Collected data
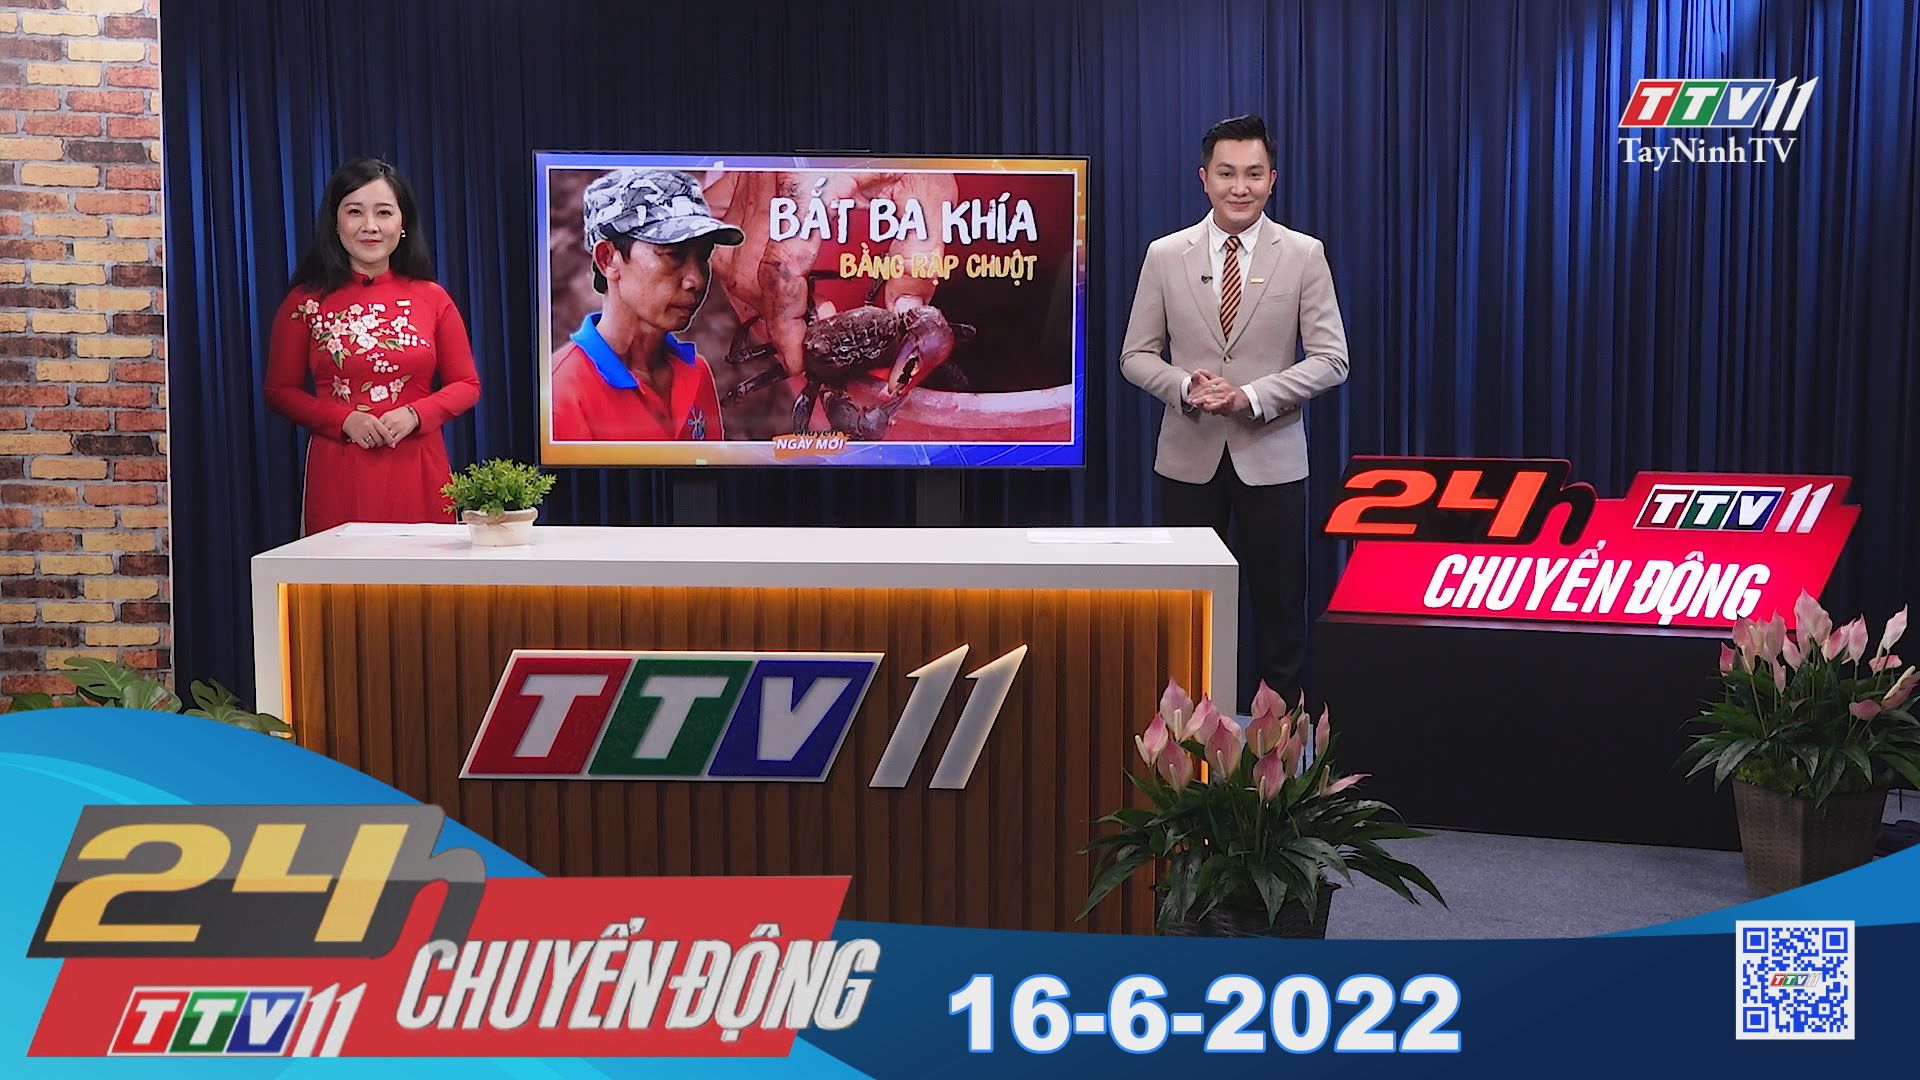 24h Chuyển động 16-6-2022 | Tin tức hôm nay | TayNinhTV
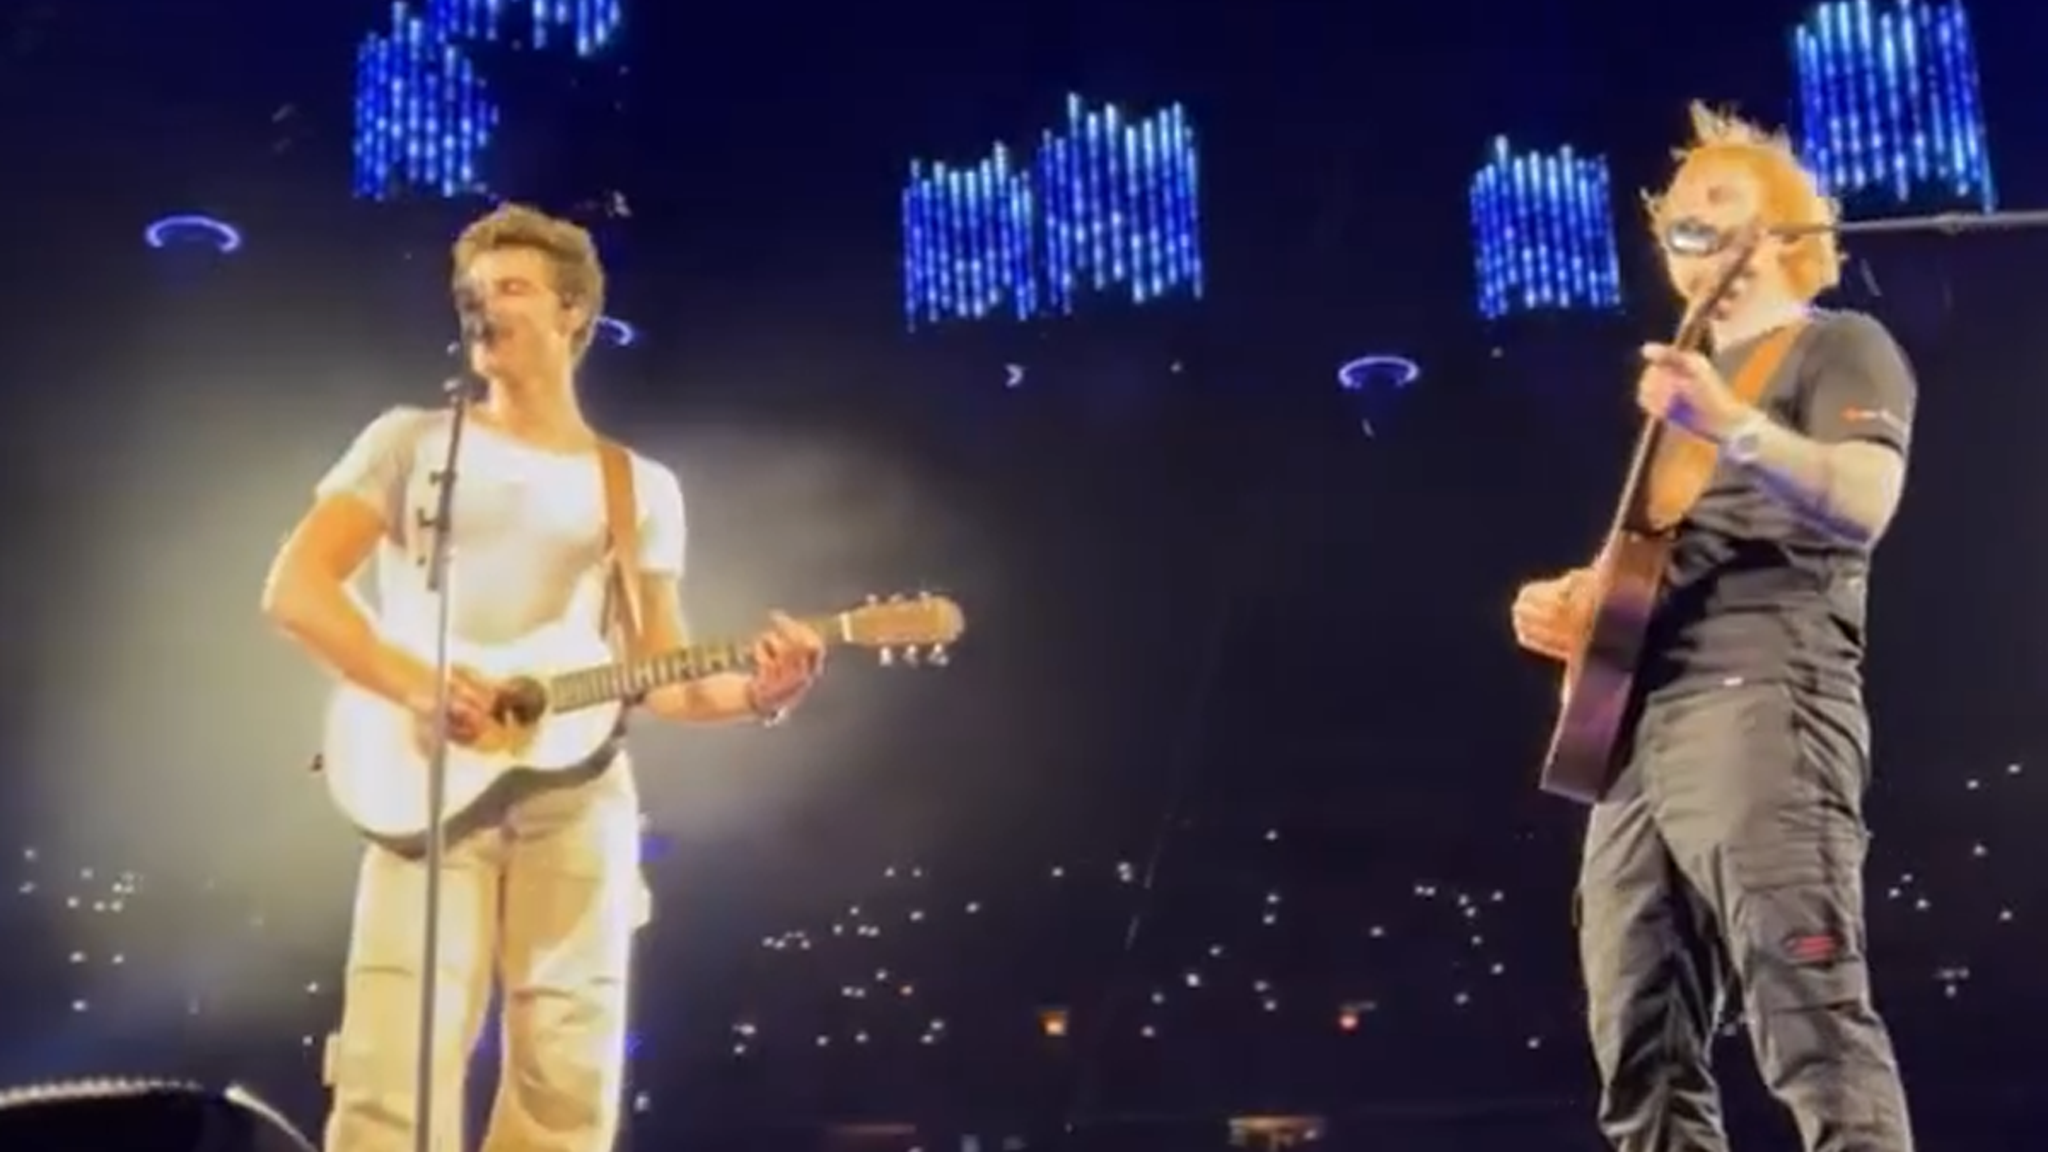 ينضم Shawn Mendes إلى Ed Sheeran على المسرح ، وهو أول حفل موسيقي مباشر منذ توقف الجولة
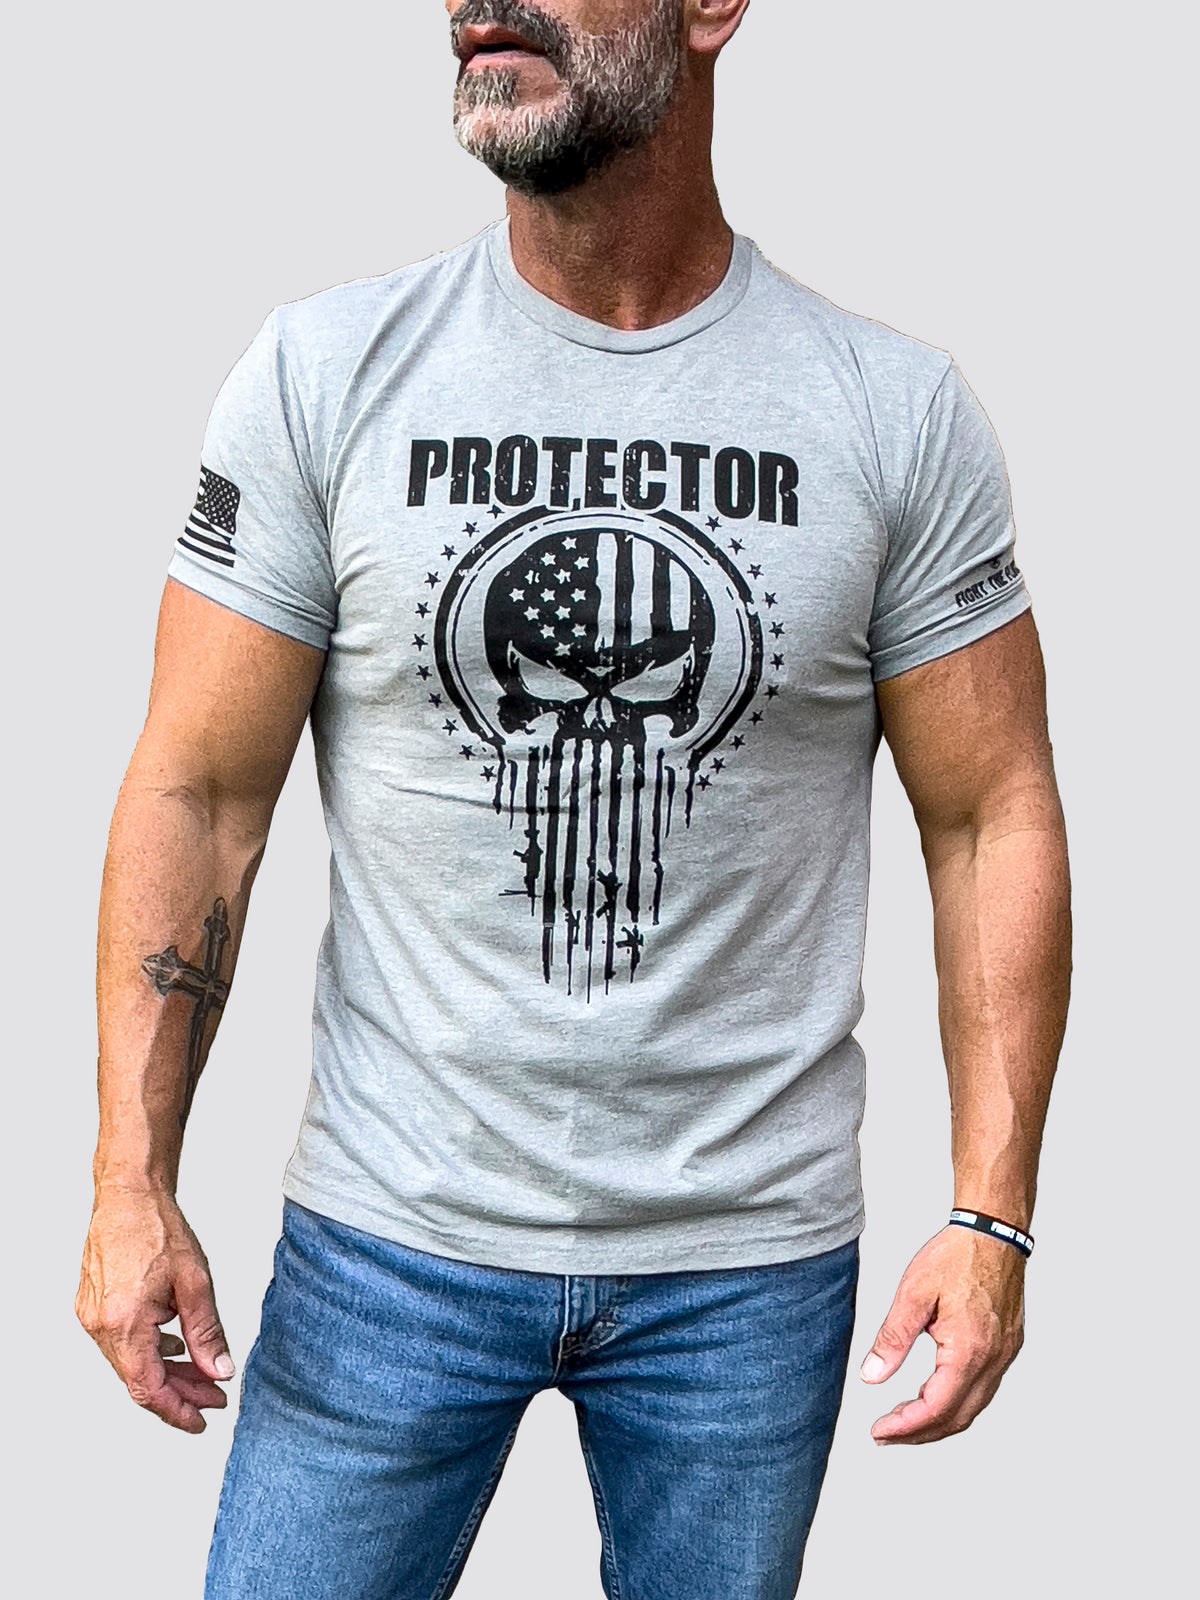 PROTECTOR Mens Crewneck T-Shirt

What you need to do
Print the material in full and exactly; the pictures must not be printed.

Answer to this problem
 24h Chuyển động 16-6-2022 | Tin tức hôm nay | TayNinhTV
 ينضم Shawn Mendes إلى Ed Sheeran على المسرح ، وهو أول حفل موسيقي مباشر منذ توقف الجولة
 PROTECTOR Mens Crewneck T-Shirt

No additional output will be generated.